# INFORMATION PROVIDED
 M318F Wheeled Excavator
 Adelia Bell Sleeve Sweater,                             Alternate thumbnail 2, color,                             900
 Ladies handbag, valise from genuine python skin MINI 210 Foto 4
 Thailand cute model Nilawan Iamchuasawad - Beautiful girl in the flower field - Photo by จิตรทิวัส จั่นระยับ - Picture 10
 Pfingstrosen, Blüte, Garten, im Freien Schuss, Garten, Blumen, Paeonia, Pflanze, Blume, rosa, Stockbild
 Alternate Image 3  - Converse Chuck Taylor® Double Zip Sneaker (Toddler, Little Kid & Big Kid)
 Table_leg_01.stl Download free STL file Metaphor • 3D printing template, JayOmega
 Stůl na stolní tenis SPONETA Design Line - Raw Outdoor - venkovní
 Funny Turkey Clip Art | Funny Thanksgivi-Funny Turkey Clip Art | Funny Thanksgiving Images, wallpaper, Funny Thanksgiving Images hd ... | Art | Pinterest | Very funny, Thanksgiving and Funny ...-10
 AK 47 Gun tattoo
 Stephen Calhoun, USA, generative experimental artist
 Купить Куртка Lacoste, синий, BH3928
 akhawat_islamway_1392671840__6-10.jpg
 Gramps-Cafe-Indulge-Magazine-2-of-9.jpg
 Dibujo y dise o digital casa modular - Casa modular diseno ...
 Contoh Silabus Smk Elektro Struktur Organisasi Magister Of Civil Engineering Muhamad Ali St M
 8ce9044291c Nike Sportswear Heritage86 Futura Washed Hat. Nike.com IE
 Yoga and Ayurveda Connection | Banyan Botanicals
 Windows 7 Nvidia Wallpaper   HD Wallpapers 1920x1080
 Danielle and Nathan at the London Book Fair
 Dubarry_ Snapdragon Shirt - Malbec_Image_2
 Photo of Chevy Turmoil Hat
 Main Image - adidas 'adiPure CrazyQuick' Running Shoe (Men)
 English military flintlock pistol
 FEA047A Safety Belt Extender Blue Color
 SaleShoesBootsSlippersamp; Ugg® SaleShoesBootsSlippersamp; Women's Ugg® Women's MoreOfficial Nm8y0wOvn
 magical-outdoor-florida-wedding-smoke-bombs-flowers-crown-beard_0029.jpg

# WORK TASK
Restate every record above, exactly, in full.

# ANSWER AREA
 M318F Wheeled Excavator
 Adelia Bell Sleeve Sweater,                             Alternate thumbnail 2, color,                             900
 Ladies handbag, valise from genuine python skin MINI 210 Foto 4
 Thailand cute model Nilawan Iamchuasawad - Beautiful girl in the flower field - Photo by จิตรทิวัส จั่นระยับ - Picture 10
 Pfingstrosen, Blüte, Garten, im Freien Schuss, Garten, Blumen, Paeonia, Pflanze, Blume, rosa, Stockbild
 Alternate Image 3  - Converse Chuck Taylor® Double Zip Sneaker (Toddler, Little Kid & Big Kid)
 Table_leg_01.stl Download free STL file Metaphor • 3D printing template, JayOmega
 Stůl na stolní tenis SPONETA Design Line - Raw Outdoor - venkovní
 Funny Turkey Clip Art | Funny Thanksgivi-Funny Turkey Clip Art | Funny Thanksgiving Images, wallpaper, Funny Thanksgiving Images hd ... | Art | Pinterest | Very funny, Thanksgiving and Funny ...-10
 AK 47 Gun tattoo
 Stephen Calhoun, USA, generative experimental artist
 Купить Куртка Lacoste, синий, BH3928
 akhawat_islamway_1392671840__6-10.jpg
 Gramps-Cafe-Indulge-Magazine-2-of-9.jpg
 Dibujo y dise o digital casa modular - Casa modular diseno ...
 Contoh Silabus Smk Elektro Struktur Organisasi Magister Of Civil Engineering Muhamad Ali St M
 8ce9044291c Nike Sportswear Heritage86 Futura Washed Hat. Nike.com IE
 Yoga and Ayurveda Connection | Banyan Botanicals
 Windows 7 Nvidia Wallpaper   HD Wallpapers 1920x1080
 Danielle and Nathan at the London Book Fair
 Dubarry_ Snapdragon Shirt - Malbec_Image_2
 Photo of Chevy Turmoil Hat
 Main Image - adidas 'adiPure CrazyQuick' Running Shoe (Men)
 English military flintlock pistol
 FEA047A Safety Belt Extender Blue Color
 SaleShoesBootsSlippersamp; Ugg® SaleShoesBootsSlippersamp; Women's Ugg® Women's MoreOfficial Nm8y0wOvn
 magical-outdoor-florida-wedding-smoke-bombs-flowers-crown-beard_0029.jpg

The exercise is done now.